@@syncmonism ryzen 7 5700x is better for future proofing but it would also be the same if you got the 3700x when it was brand new as the extra cores/threads help in more demanding games/ applications
Honestly more than 3 years very happy with 3700X,,, recently upgraded to 7800x3d,,,,still have that combo of 3700x sitting on the shelf with cooler, MB and RAM
A newer and more highly-clocked hexacore will usually beat an older and lower-clocked octocore in gaming. Also, when it comes to gaming, Zen3 was a paradigm shift because AMD had FINALLY beaten Intel at single-core performance and, thus, gaming. Having said that, the R7-3700X acquitted itself admirably.
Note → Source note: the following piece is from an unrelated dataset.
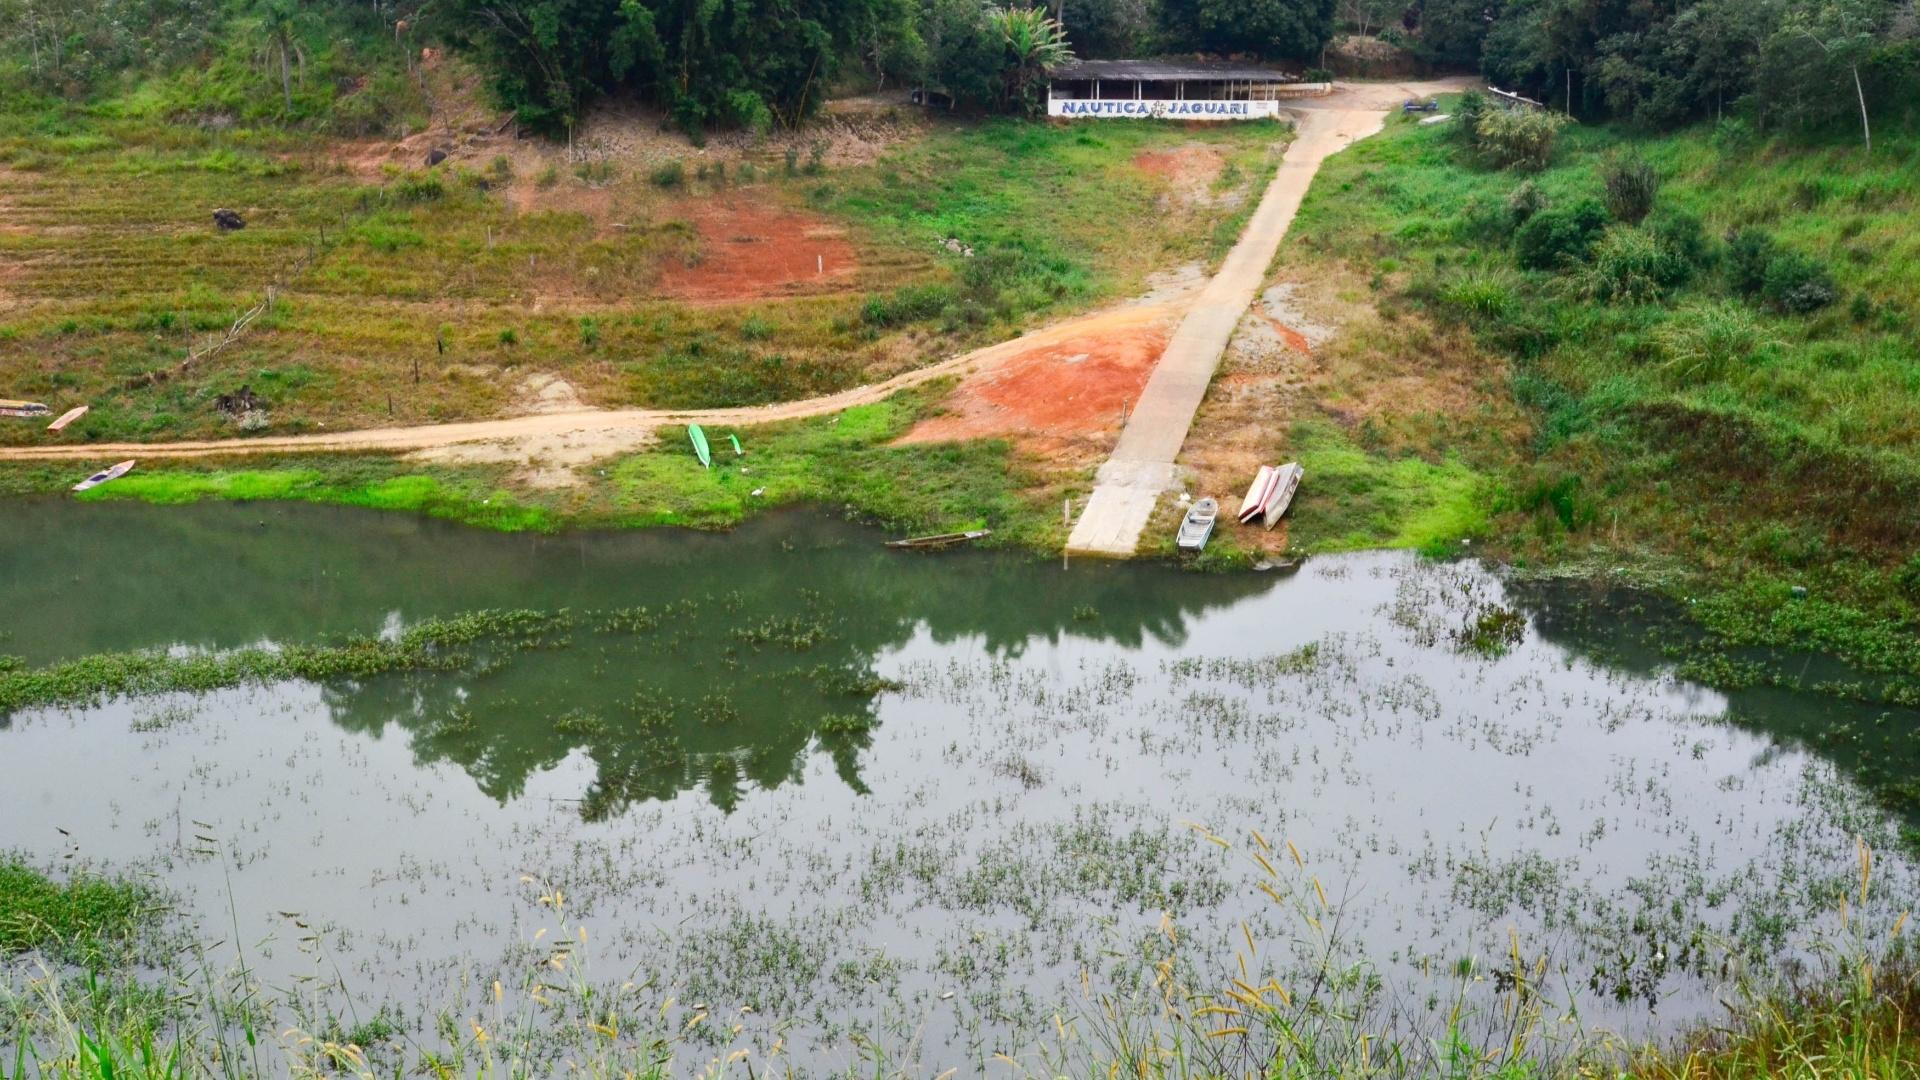 18.mai.2015 - Imagem mostra a seca na represa Jaguari-Jacareí, na região de Bragança Paulista, nesta segunda-feira (18). O nível de água dos reservatórios do Sistema Cantareira permanece estável em 19,7%, segundo dados da Sabesp (Companhia de Saneamento Básico do Estado de São Paulo)

There's no question that the Ryzen 3000-series had great gaming performance. Not a single game was under 60FPS, well, except for FS2020 but FS2020 doesn't require high frame rates. Microsoft itself says that 30FPS is more than enough because there's no fast-paced action. I remember seeing a "lowly" R3-3100 looking VERY impressive in games. I thought it would suck because it's just a 4C/8T CPU but when you think about it, that's what Unreal Engine 4 was designed for because that's all that Intel was churning out for the longest time. We're pretty lucky that Ryzen came along.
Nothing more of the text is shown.